The API Subcommittee 10 on well cements developed new temperature correlations to improve estimates of circulating temperatures for cementing.1-3

Using API's current BHCT correlation schedules for designing the thickening time of cement slurries, for a given depth, requires technicians to know the averaged static temperature gradient.

The current API test schedules assume the SFT to be 80° F. To calculate the static temperature gradient, therefore, operators must determine the static or undisturbed temperature profile of formations with reasonable accuracy.

The value of SFT-the undisturbed and essentially constant formation temperature at about 50-ft depth-of 80° F. is typical only for wells in the Southern US and some other regions.

For this reason, the API test schedules are inaccurate for determining values of BHCT for cementing in wells drilled in deep waters, in the tropics, or in arctic regions.

For example, the equivalent parameter of SFT for offshore wells is the temperature of sea-bottom sediments or the mud line, which is close to 40° F. In arctic areas, the value of SFT is well below water's freezing point.

Many operators have concluded that computer-temperature simulations, rather than the API schedules, provide better estimates of cementing temperatures.4-6

On this note, the author presents a novel concept-the API equivalent wellbore (API-EW)-and will show that API's current BHCT correlations will apply for any deep well and for any surface formation temperature values.

With the technique referred to as the API-EW method, an empirical formula and computer simulation results verify the suggested technique's applicability.

Empirical equation

A previous work had shown that the empirical Kutasov-Targhi equation could estimate the BHCT as a function of two independent variables: the static temperature gradient (G) and the bottomhole static or undisturbed temperature (Tfb).7

Equation 1 gives the relationship but should be used with caution for extrapolated values of Tfb and Γ, noting that API's current BHCT correlations apply for values of Γ ≤ 1.9° F./100 ft (see accompanying box).

Workers generated the equation based on 79 field measurements and from data collected in wells ranging from 5,520 to 23,670-ft deep. Its accuracy is 8.2° F. as estimated from the sum of squared residuals.

Equation 2 expresses values of Tfb as a function of SFT (To), which for land wells is the temperature of formations at 50-ft depth, and total vertical depth (H).

In practice, for deep wells, Equation 3 does not consider the 50-ft interval from surface to SFT (To).

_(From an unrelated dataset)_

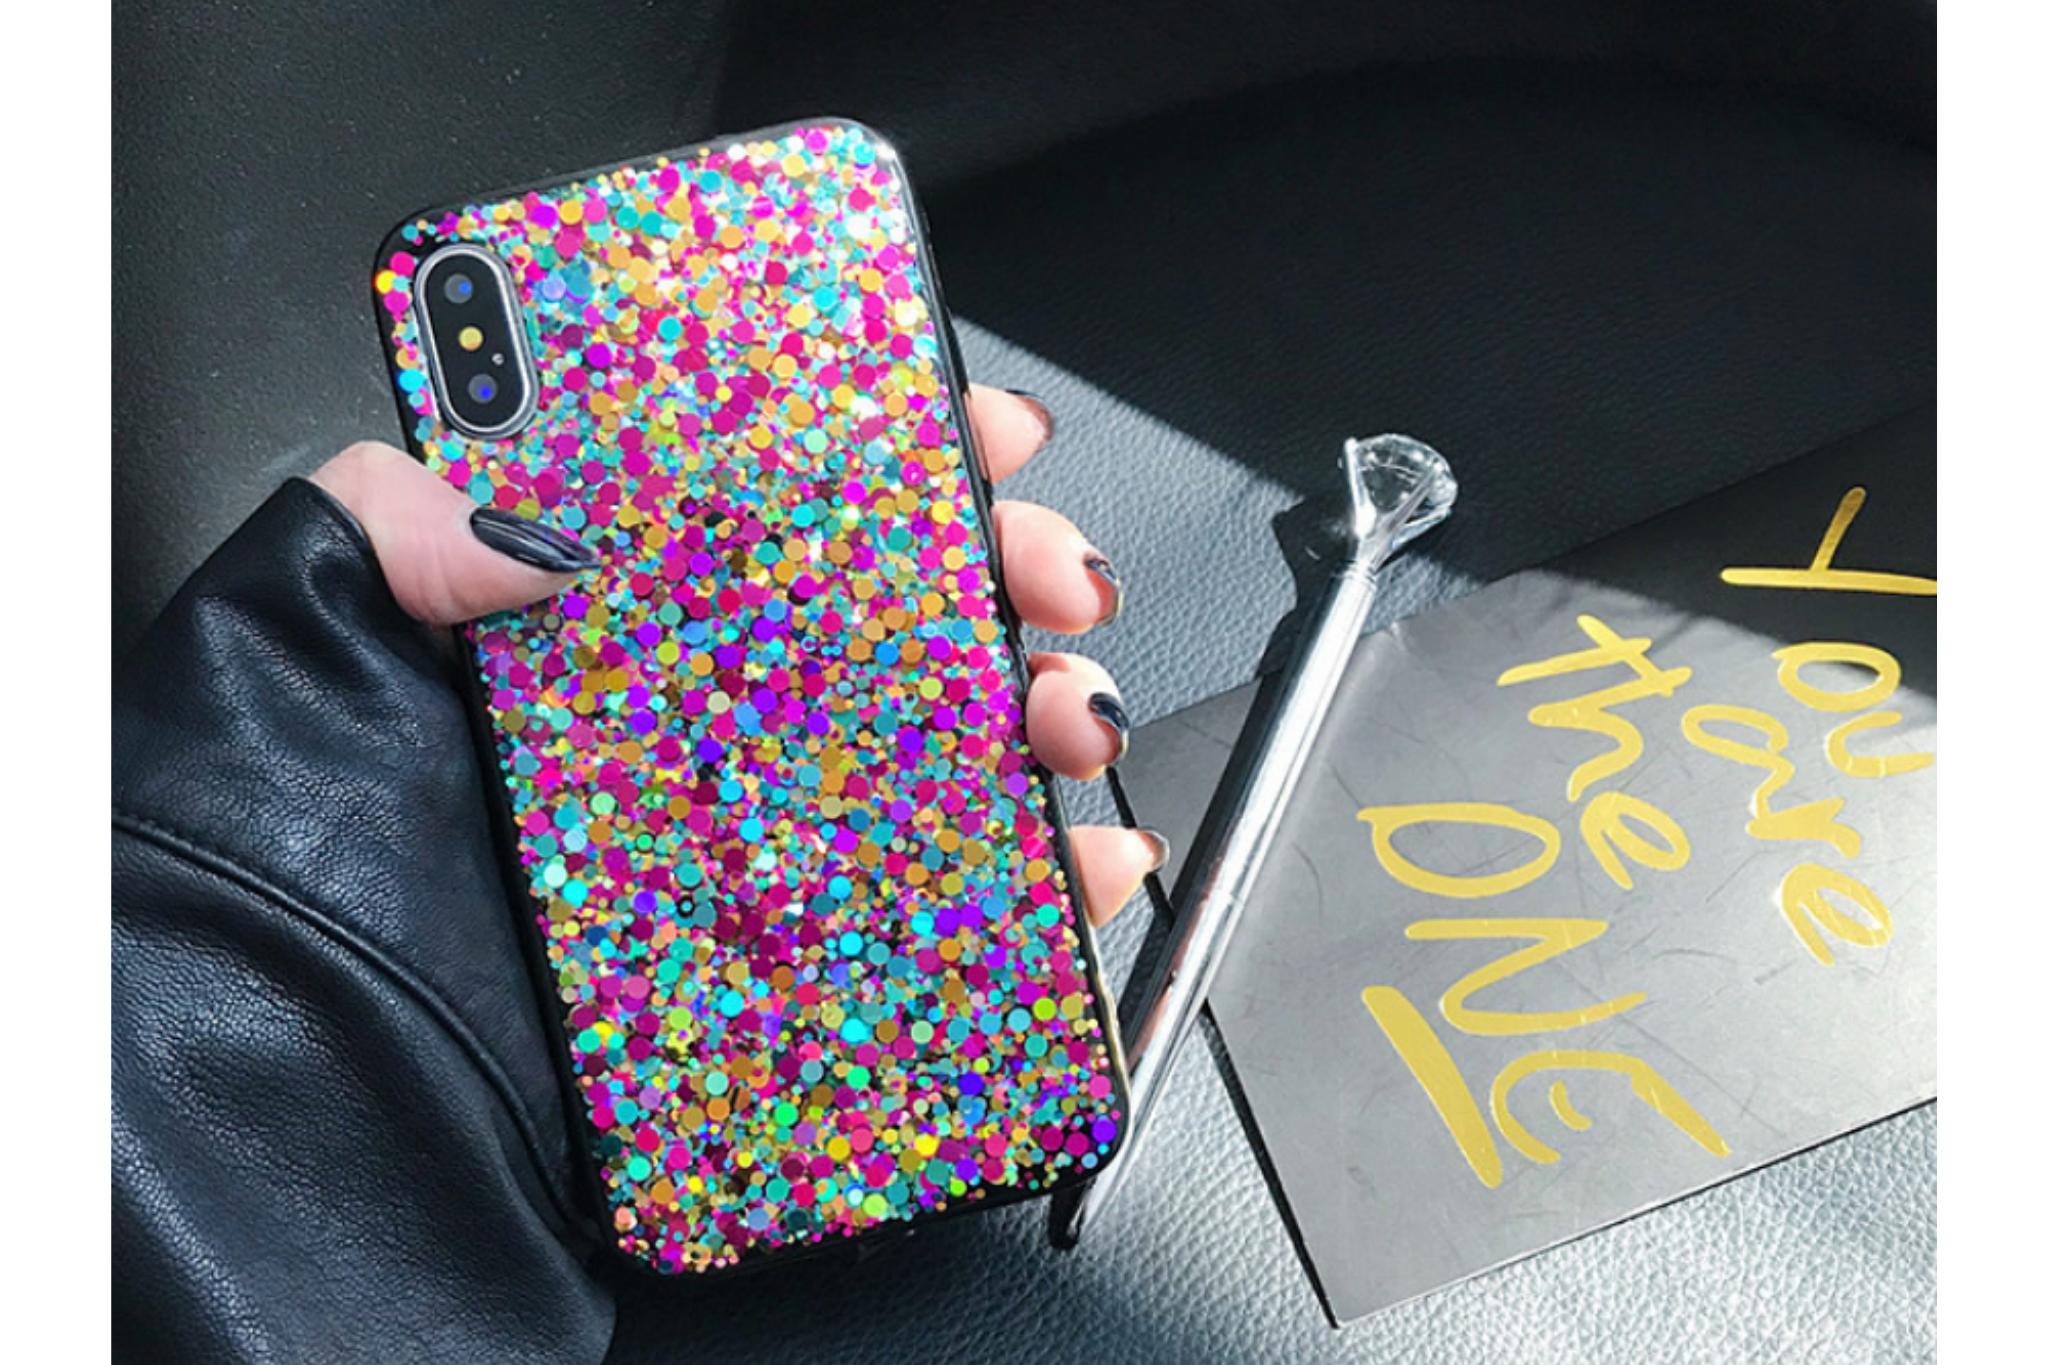 Smartphonehoesje iPhone XR | Bling met glitters | Multicolor

Equation 4 assumes that for offshore wells To is the mud-line or bottom-sediment temperature, about 40° F., and the water depth is Hw.

API-EW method

Workers considered field measurements from many deep wells to generate the API correlations for BHCT. To process field data, the staff of API Subcommittee 10 on well cements had used two variables: the averaged static temperature gradient and the vertical depth.

The need to assume a constant value of SFT presents a problem and forces the drilling engineer to estimate the static temperature gradient from Equation 5 to use the API schedules.

Differences between the relationships of Equations 3 and 4 and that of Equation 5 become apparent and reveal why significant deviations exist between the measured and predicted BHCT values.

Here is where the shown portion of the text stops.